Embeddings, Vector DB, FAQs earch and ranking

Hi, I’m pretty new, and after trying RAG with LLM for a site with tech questions posed by users (and having the LLM give some fancy answers…) I tried to step back and use only embeddings and a vector database (I’m using Chroma right now). Every question and its answer is a document in Chroma and the embedding has been computed with OpenAI ada-003. When querying the DB with the embedding of the question sent by a user, I get usually as the first result the right FAQ, but I have no way to decide if that result is actually wrong because there are no answers.
Analyzing the distances (I’m using the cosine distance) of the first X results… could it be a way?

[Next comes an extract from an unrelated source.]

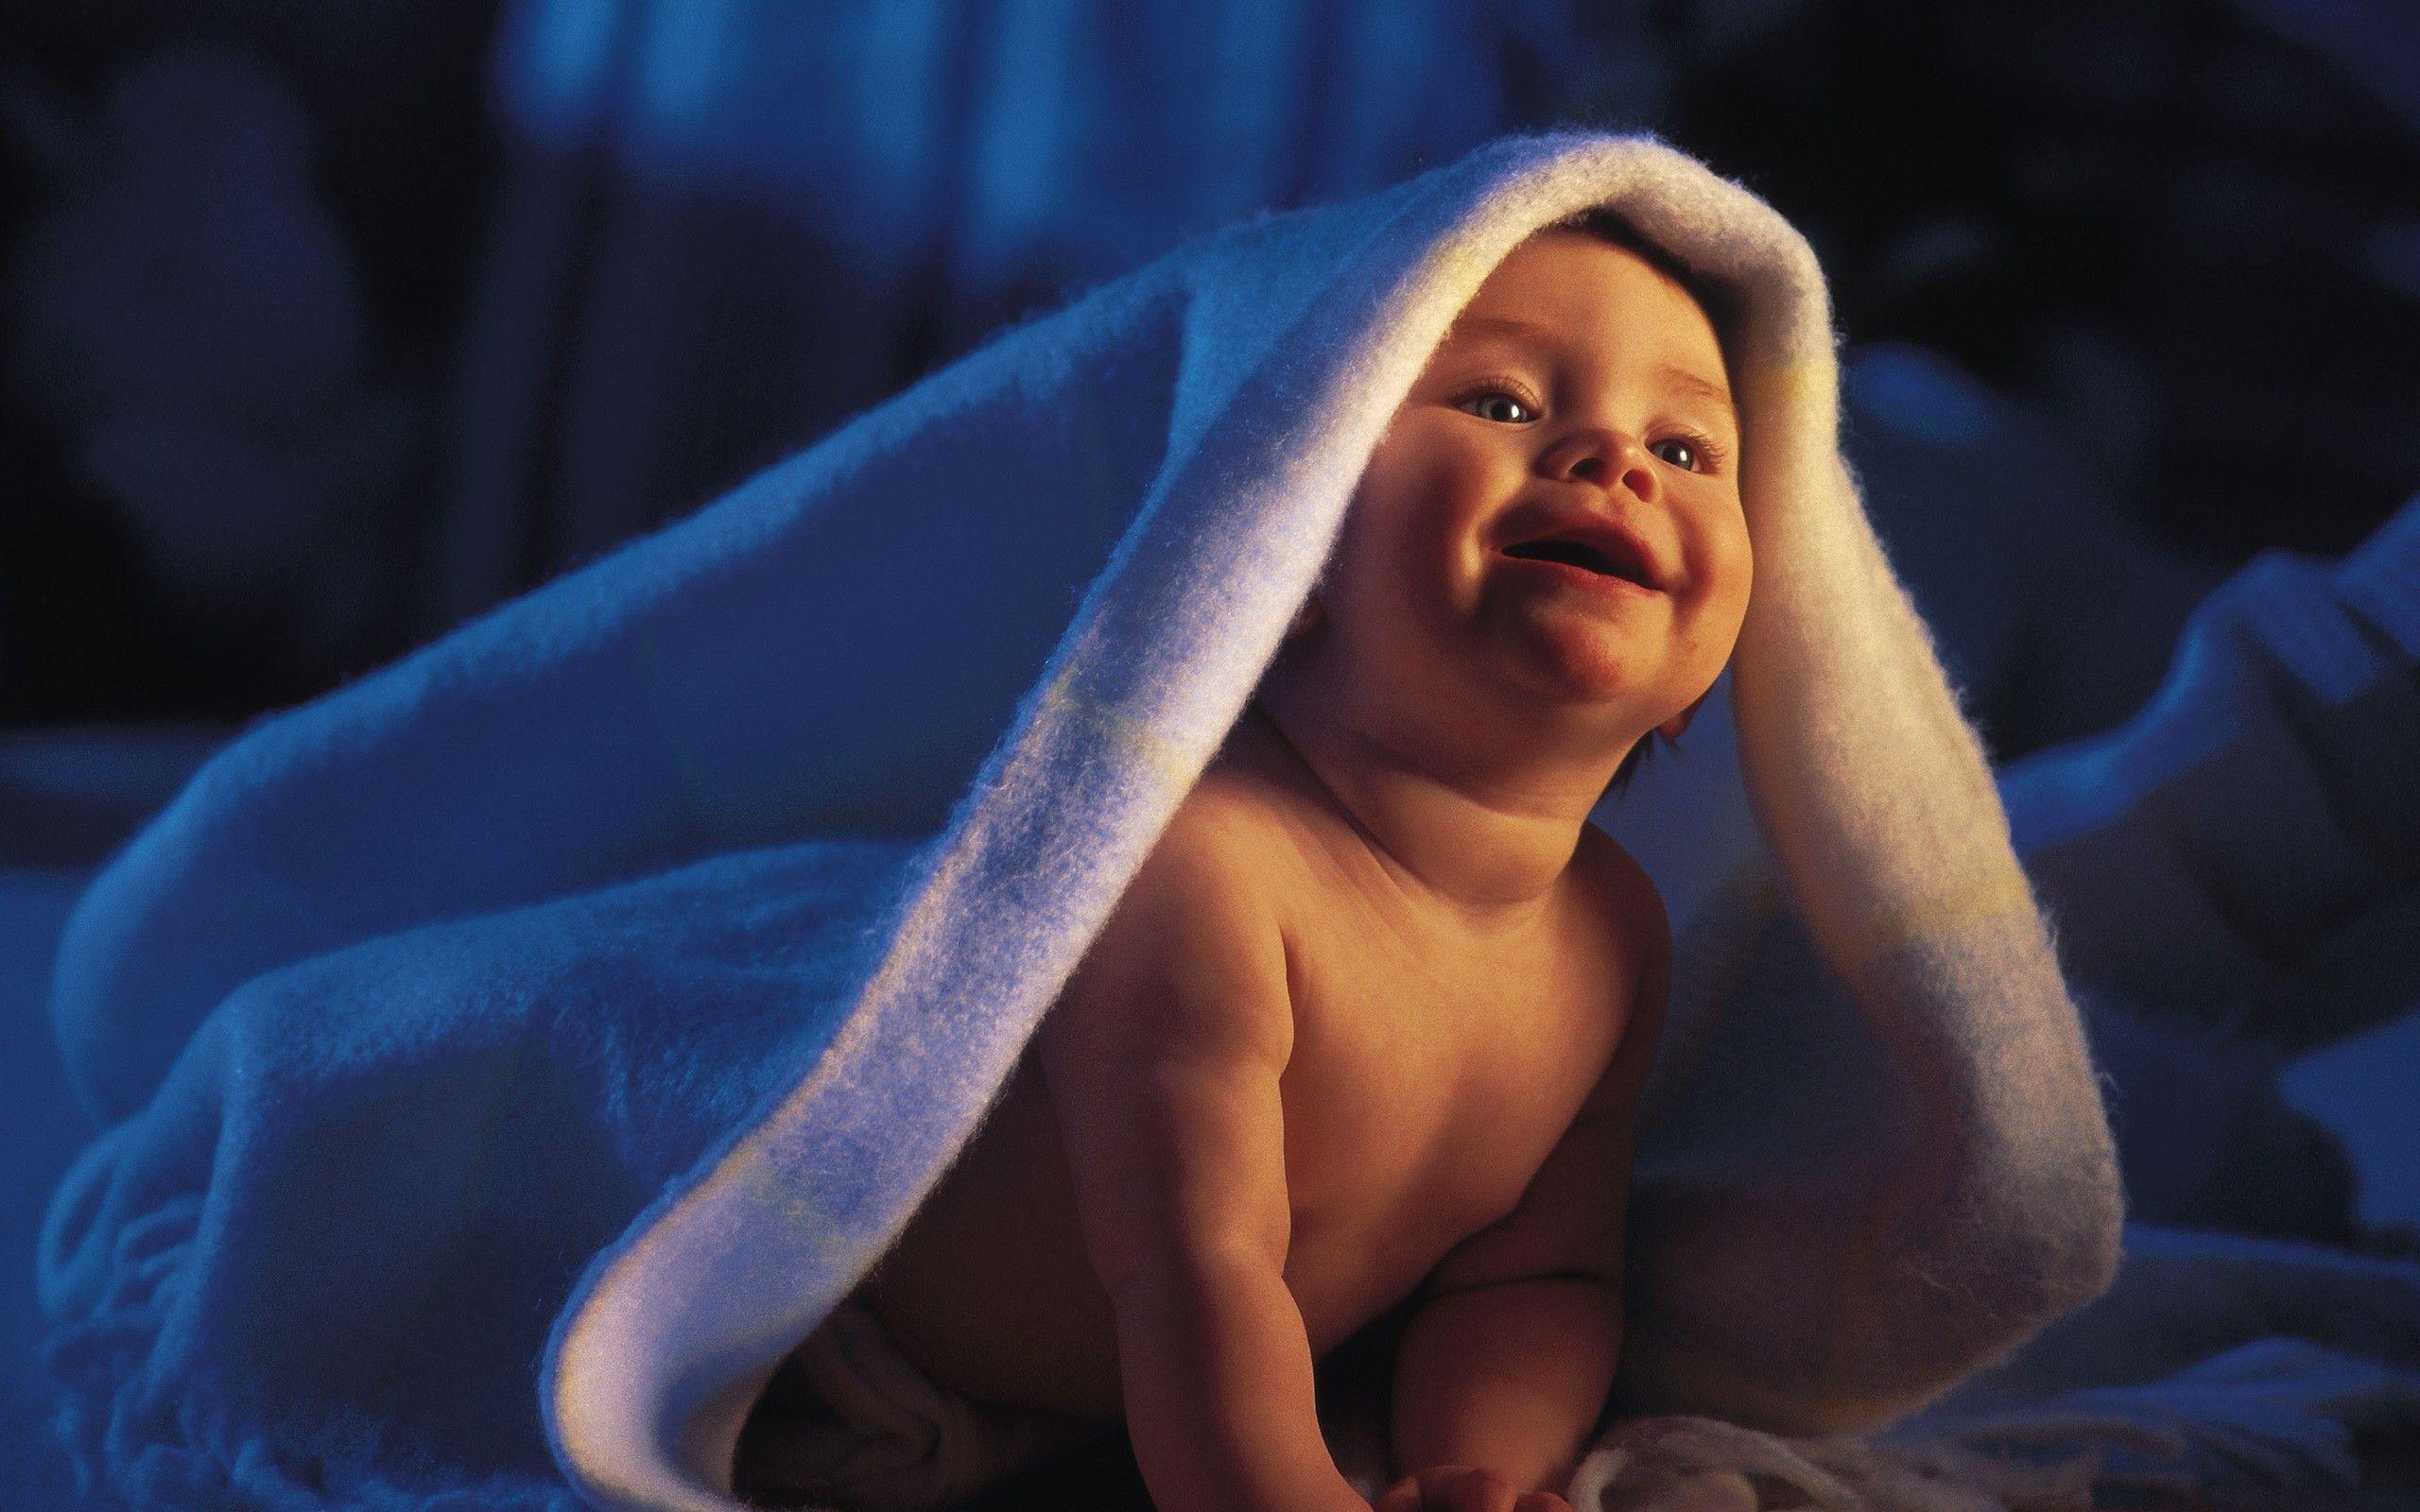 Download the Baby Under Blanket Wallpaper, Baby Under Blanket iPhone

I thought if I had very close distances for the first results, probably they were all wrong.
From a different point of view, if I extract some content from the database, before using it as RAG I should have a way to decide it is no good to create a context.

A second question: the embeddings stored in Chroma should be computed over the whole question+answer or just the question of our FAQ database?

Probably I missed it, but I have not found (comprehensible) best practices on RAG content identification… any reference would be really appreciated!


I’m trying to understand your use case. Do users post both questions and answers in a forum? Do you want a chatbot to provide an answer to a user’s question using existing answers to similar questions?

Hi, thank you for getting back!

Users post only a question and we already have a chatbot that should answer them. We used rag+chatgpt3, openai assistant, and a third-party chat system (which was rag made by them with chatgtp 3 and 4).

What I’m trying to experiment with is a system to find the answer only using a semantic search :slight_smile: to just present the exact answer from our database, without a chat or text generation by an LLM. I would like to compare the quality we can obtain with a chatbot and just the answer extraction.

Why? In a few cases the LLM “answer” was so convincing but so wrong that users become crazy in try to follow the instructions to get some specific behaviors from a product that cannot be obtained :slight_smile:.

Where does the RAG come in? Do you have a database of answers, or are you having the LLM make up its best guess at an answer?

Hi, I have a database with a question and its answer. Of course, the question is one possible version of all the questions answered by that specific FAQ.

For example, the question can be: “Where can I set the maximum delivery speed?”

Most of the users, we experienced, even when chatting are pretty synthetic and shorten the question to “max delivery speed”, like a common search on a search engine (but of course without reference to the product since they are in the support section for that product).